Другим видом ремизовской публицистики были прямые обращения к читателю. В труде о Смуте С. Ф. Платонов особо отметил роль известных (таких, как дьяк Иван Тимофеев, келарь Троице-Сергиева монастыря Авраамий Палицын) и безымянных публицистов XVII в., чьи сочинения прерывали то, пользуясь выражением Авраамия Палицына, «безумное молчание» народа, которое также было причиной Смуты. Программный публицистический текст под этим названием («Безумное молчание») был опубликован Ремизовым в день открытия Учредительного Собрания, на которое он, подобно многим, возлагал последнюю надежду — видел для России возможность вернуться к органическому пути своего развития. «Мы в смуту живем, все погублено — без креста, без совести. И жизнь наша — крест. И также три века назад смута была — мудровали Воры над родиной нашей, и тяжка была жизнь на Руси. //Ив это смутное время, у кого болела душа за правду крестную, за разоренную Русь, спрашивали совесть свою: // „За что нам наказание такое, такой тяжкий крест русской земле?" // И ответил всяк себе ответом совести своей // И ответ был один: // „За безумное наше молчание"»[1].

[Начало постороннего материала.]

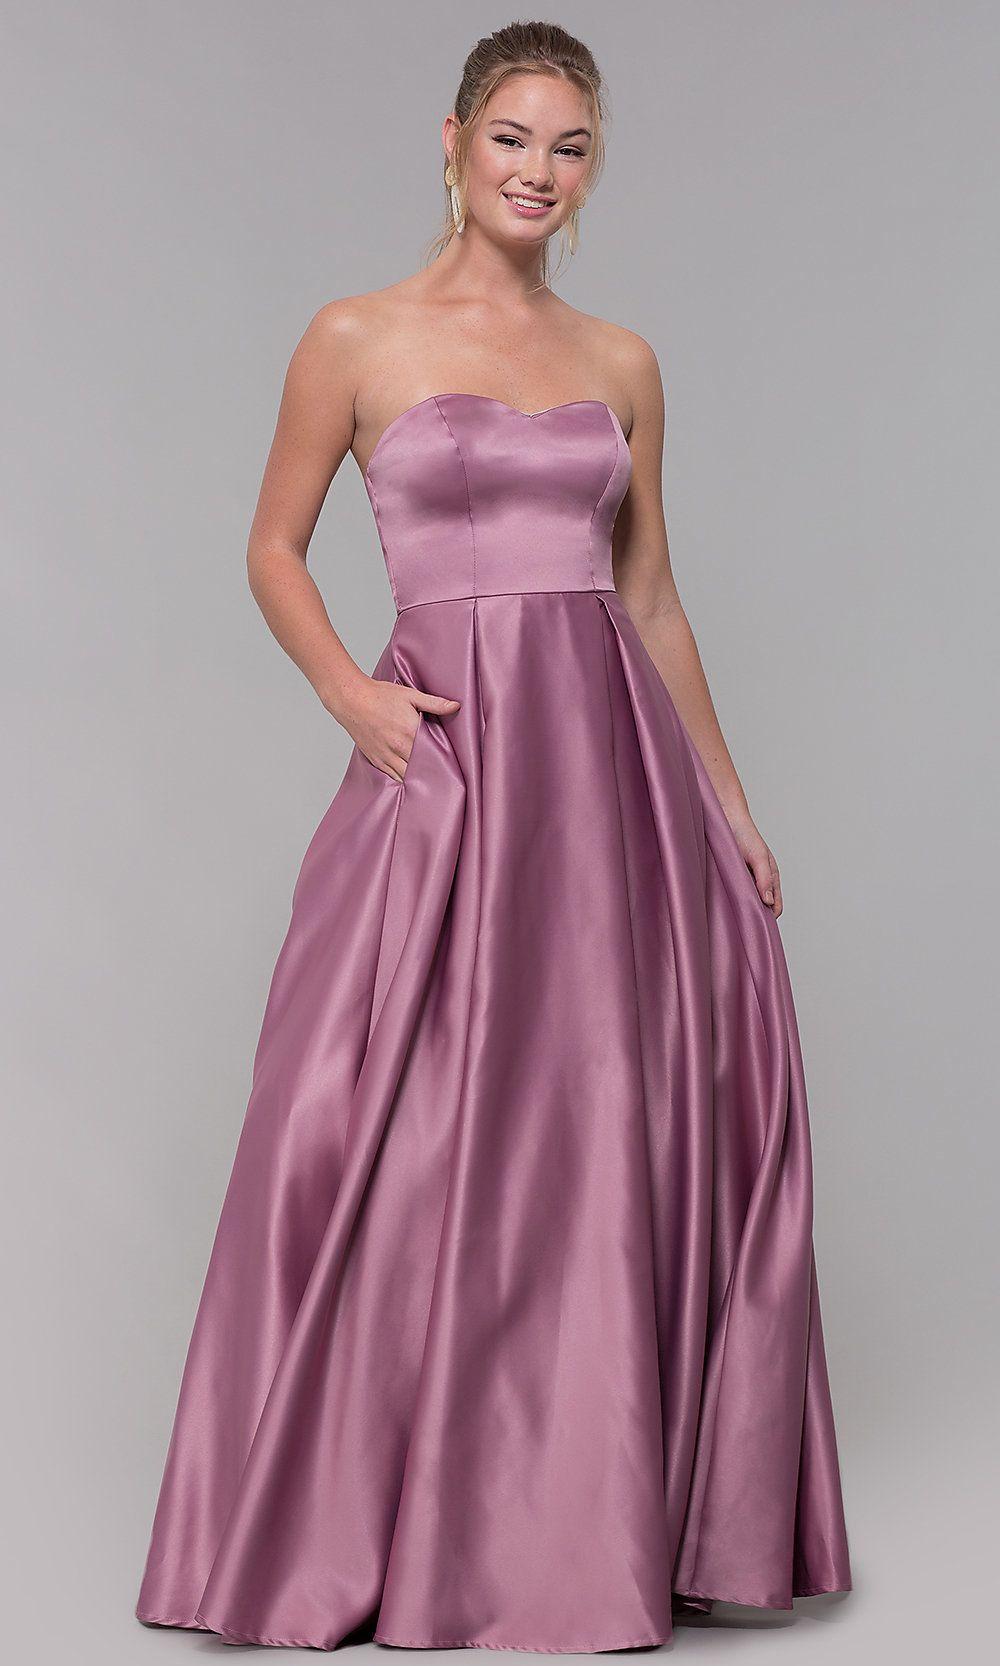 Strapless Long Sweetheart Satin Prom Dress Strapless Dress Formal Prom Dresses Satin Prom Dress [ 1666 x 1000 Pixel ]
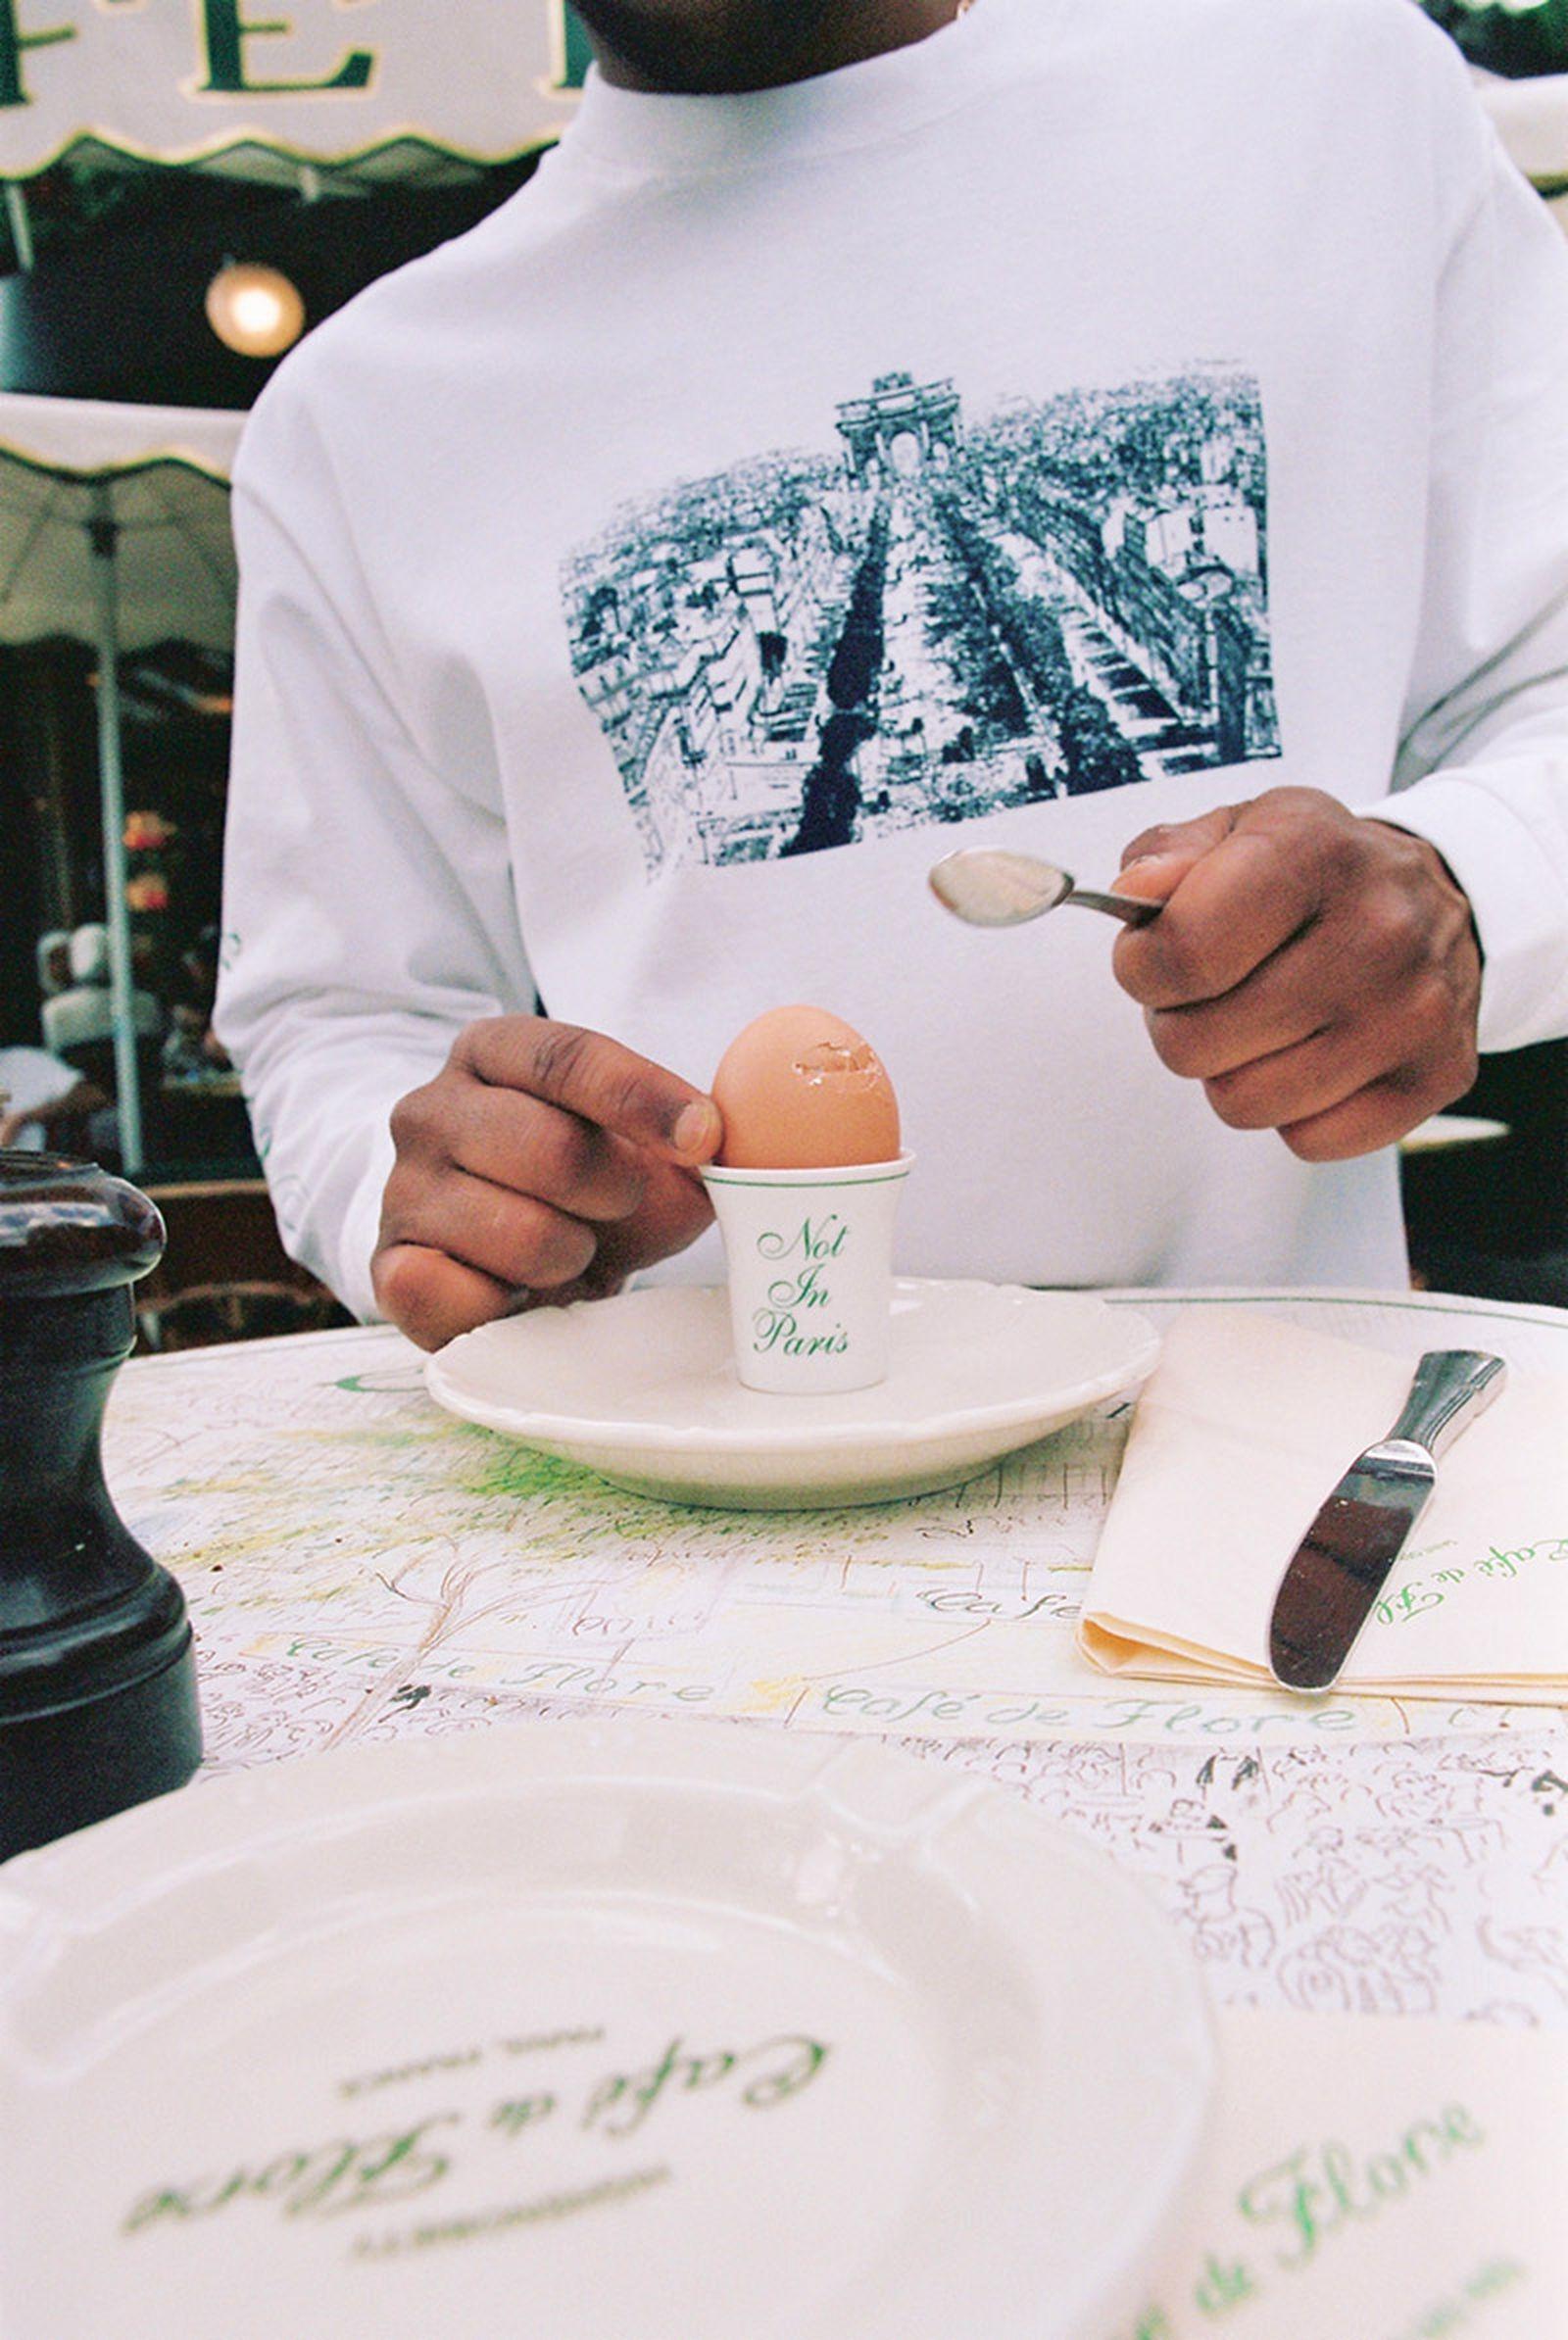 cafe-de-flore-fashion-week-not-in-paris-lookbook-08

Начало 1918 г., вплоть до времени закрытия большевиками эсеровских изданий — последний этап публицистического творчества Ремизова. От притч, сказочек он перешел к формам прямого обращения к читателю, избрав для этого фольклорный жанр «плача» и древнерусский жанр «слова», соединивший в себе, как отмечал Д. С. Лихачев, два фольклорных жанра — «плача» и «славы»[2].
Вершиной публицистики Ремизова стало «Слово о погибели Русской Земли». Использование писателем названия конкретного древнерусского памятника («Слова о погибели Русской земли») не означало стилизационного подражания ему. Ремизову было известно, насколько широко использовался данный жанровый термин («слово») в древнерусской литературе. Можно предположить, что он привлек к себе внимание писателя прежде всего как емкое обозначение произведения, не ограниченного жестким жанровым каноном. В годы революции Ремизов не раз обращался к этому жанру в своей публицистике («Заповедное слово русскому народу», «Слово к матери-земли»).
«Слово о погибели» было органичным продолжением древней литературной традиции. И в то же время оно было произведением русского авангарда XX в., текстом, основанным на художественном принципе монтажа, на смене различных речевых ритмов. В «Слове» переплелись отдельные стилевые приемы, образы, скрытые цитаты из памятников древнерусской литературы, фольклора и из новейшей литературы, в том числе из произведений и Дневника Ремизова.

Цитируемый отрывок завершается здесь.